14:35 <+icinga-wm> PROBLEM - High average GET latency for mw requests on appserver in eqiad on icinga1001 is CRITICAL: cluster=appserver code={200,204} handler=proxy:unix:/run/php/fpm-www.sock https://wikitech.wikimedia.org/wiki/Monitoring/Missing_notes_link https://grafana.wikimedia.org/d/RIA1lzDZk/application-servers-red-dashboard?panelId=9&fullscreen&orgId=1&from=now-3h&to=now&var-datasource=eqiad+prometheus/ops&var-cluster=appserver&var-method=
14:35 <brennen> rolling back.
14:39 <+logmsgbot> !log brennen@deploy1001 rebuilt and synchronized wikiversions files: Revert "group2 wikis to 1.35.0-wmf.15"
14:39 <+stashbot> Logged the message at https://wikitech.wikimedia.org/wiki/Server_Admin_Log
14:39 <+icinga-wm> PROBLEM - MediaWiki exceptions and fatals per minute on icinga1001 is CRITICAL: cluster=logstash job=statsd_exporter level=ERROR site=eqiad https://wikitech.wikimedia.org/wiki/Application_servers https://grafana.wikimedia.org/d/000000438/mediawiki-alerts?panelId=2&fullscreen&orgId=1&var-datasource=eqiad+prometheus/ops

Rolled back after waiting a few minutes for response times to level out and noticing an increase in errors.
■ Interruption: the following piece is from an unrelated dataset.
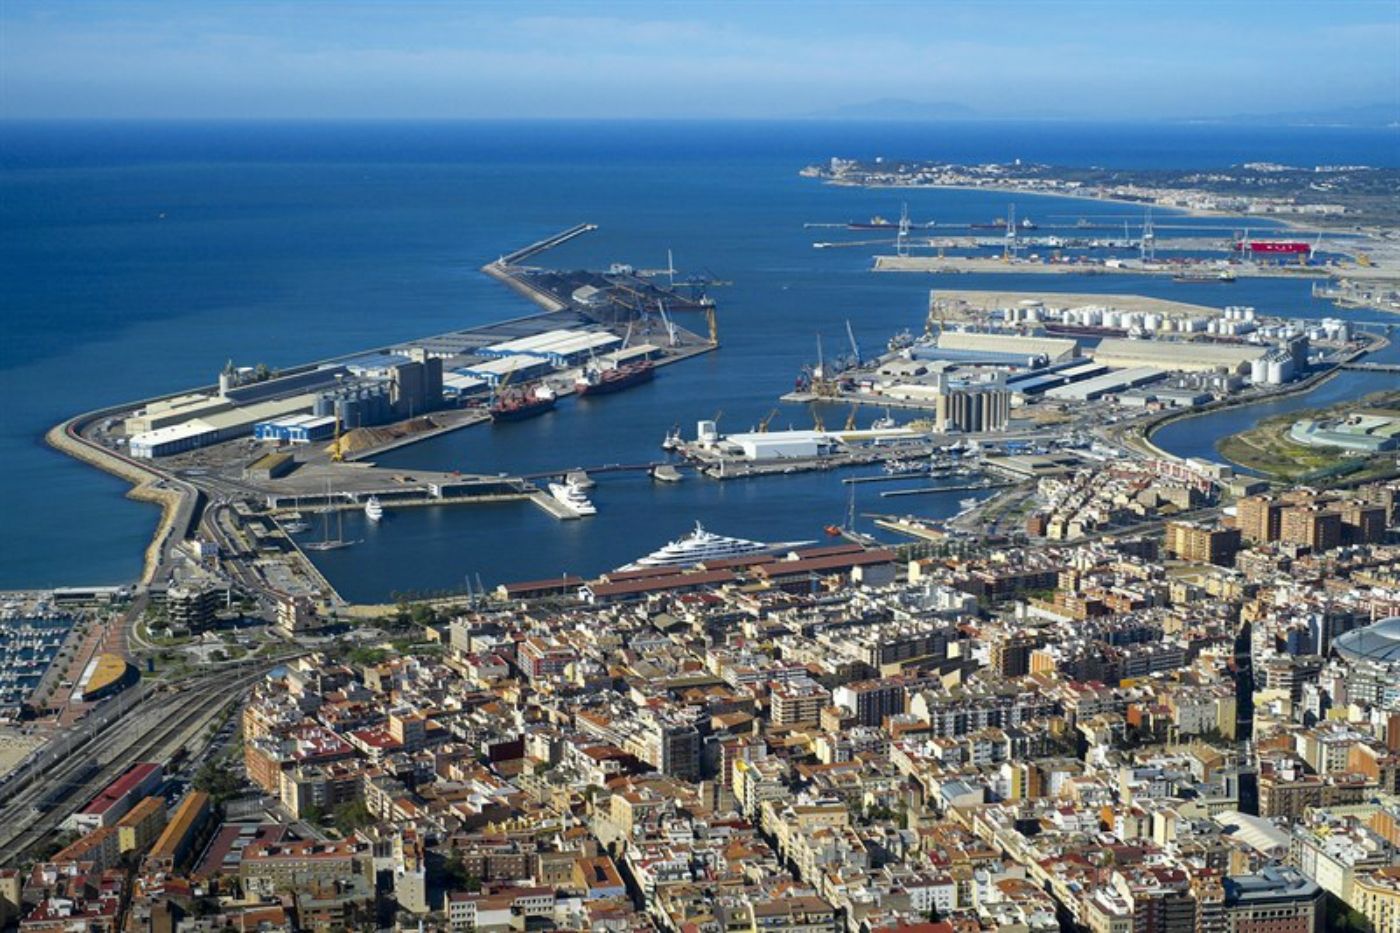 El Port de Tarragona mueve un 11% menos de toneladas pero ingresa más

It's possible I jumped the gun and things are just noisy in general at the moment, but I don't *think* so.

After discussion with @thcipriani and combing over graphs / logs from earlier, it started to look like the spike here might be purely coincidental. Things seem essentially stable since a redeploy at 23:24:52. I'll monitor for the next few hours and treat this as resolved if it doesn't flare back up.

brennen claimed this task.